2. Pro-endometriosis Effects of Histone Lactylation In Vitro

The researchers treated immortalized endometrial stromal cells (IESCs) with sodium lactate and glycolysis inhibitors (2-deoxy-D-glucose (2-DG) and sodium oxamate). They found that sodium lactate significantly upregulated histone lactylation levels, while 2-DG and sodium oxamate significantly downregulated them. Through cell proliferation, migration, and invasion assays, the researchers confirmed that histone lactylation promotes the proliferation, migration, and invasion capabilities of IESCs.

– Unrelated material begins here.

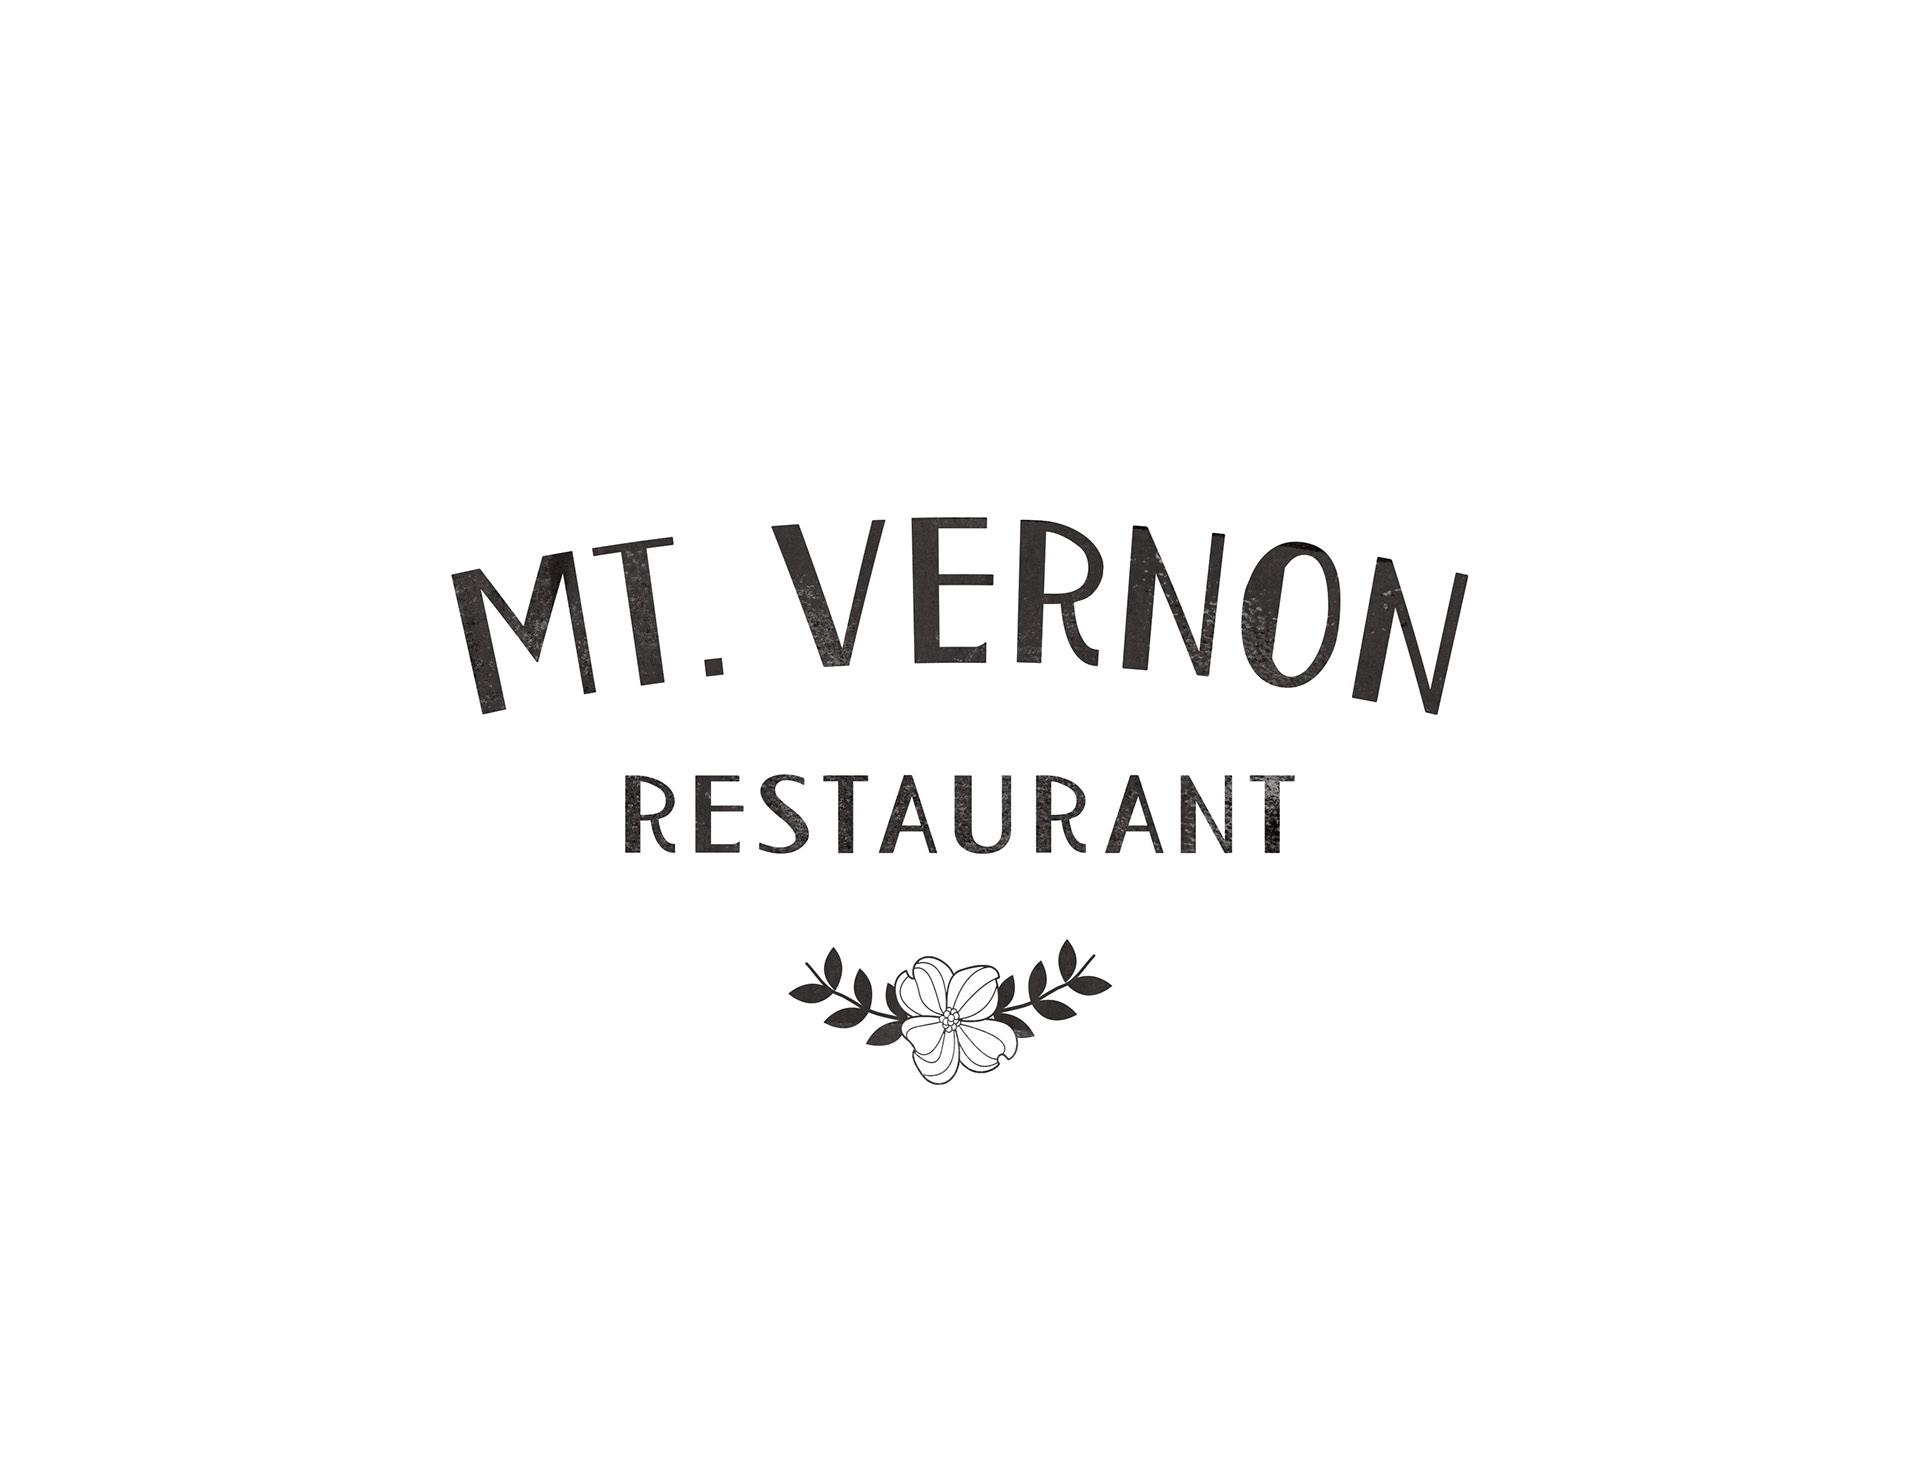 Justin Ford The Mt Vernon Restaurant

3. Screening for Target Genes of Histone Lactylation

Using RNA sequencing and chromatin immunoprecipitation-quantitative PCR (ChIP-qPCR) experiments, the researchers discovered that H3K18la could promote the transcription of RASD2. RASD2 is a SUMO E3 ligase that exerts biological effects by regulating protein SUMOylation modifications. The study found that RASD2 expression was significantly upregulated after sodium lactate treatment, while it was significantly downregulated after 2-DG and sodium oxamate treatment.

4. RASD2 Enhances CTPS1 Stability by Promoting Its SUMOylation

Through immunoprecipitation-mass spectrometry (IP-MS) and co-immunoprecipitation (Co-IP) experiments, the researchers found that RASD2 interacts with CTPS1 and promotes its SUMOylation modification. CTPS1 is a key metabolic enzyme that catalyzes the conversion of uridine triphosphate (UTP) to cytidine triphosphate (CTP), participating in cell proliferation and metabolism. The study found that RASD2 enhances the stability of CTPS1 by promoting its SUMOylation and inhibiting its ubiquitination, thereby promoting the progression of endometriosis.

5. Role of the Histone Lactylation/RASD2/CTPS1 Axis in Endometriosis

Through in vivo experiments, the researchers constructed an endometriosis mouse model and administered glycolysis inhibitors. The results showed that 2-DG and sodium oxamate significantly inhibited the growth of endometriosis lesions and reduced the expression levels of histone lactylation, RASD2, and CTPS1. These results indicate that inhibiting the histone lactylation/RASD2/CTPS1 axis can effectively suppress the progression of endometriosis.

Conclusions and Significance

This study revealed a new mechanism by which histone lactylation promotes the progression of endometriosis by upregulating RASD2 expression, enhancing CTPS1 SUMOylation, and increasing CTPS1 stability. This discovery provides new potential targets for the diagnosis and treatment of endometriosis. Inhibiting histone lactylation or targeting RASD2 and CTPS1 may become an effective therapeutic strategy to inhibit the growth of endometriosis lesions.

Research Highlights

1. Discovery of a New Mechanism: This study is the first to reveal the role of the histone lactylation/RASD2/CTPS1 axis in endometriosis, providing a new perspective for understanding the pathogenesis of this disease.
2. Potential Therapeutic Targets: RASD2 and CTPS1, as key regulators of endometriosis, may become new therapeutic targets in the future.
3. Combination of In Vivo and In Vitro Experiments: The study comprehensively validated the pro-progression role of histone lactylation in endometriosis through both in vivo and in vitro experiments, enhancing the credibility of the conclusions.

Other Valuable Information

The study also found that RASD2 can affect the stability of CTPS1 by regulating its SUMOylation and ubiquitination modifications, providing new insights into the role of protein modifications in diseases. Additionally, the potential application of glycolysis inhibitors in suppressing the progression of endometriosis offers experimental evidence for the future development of new therapeutic drugs.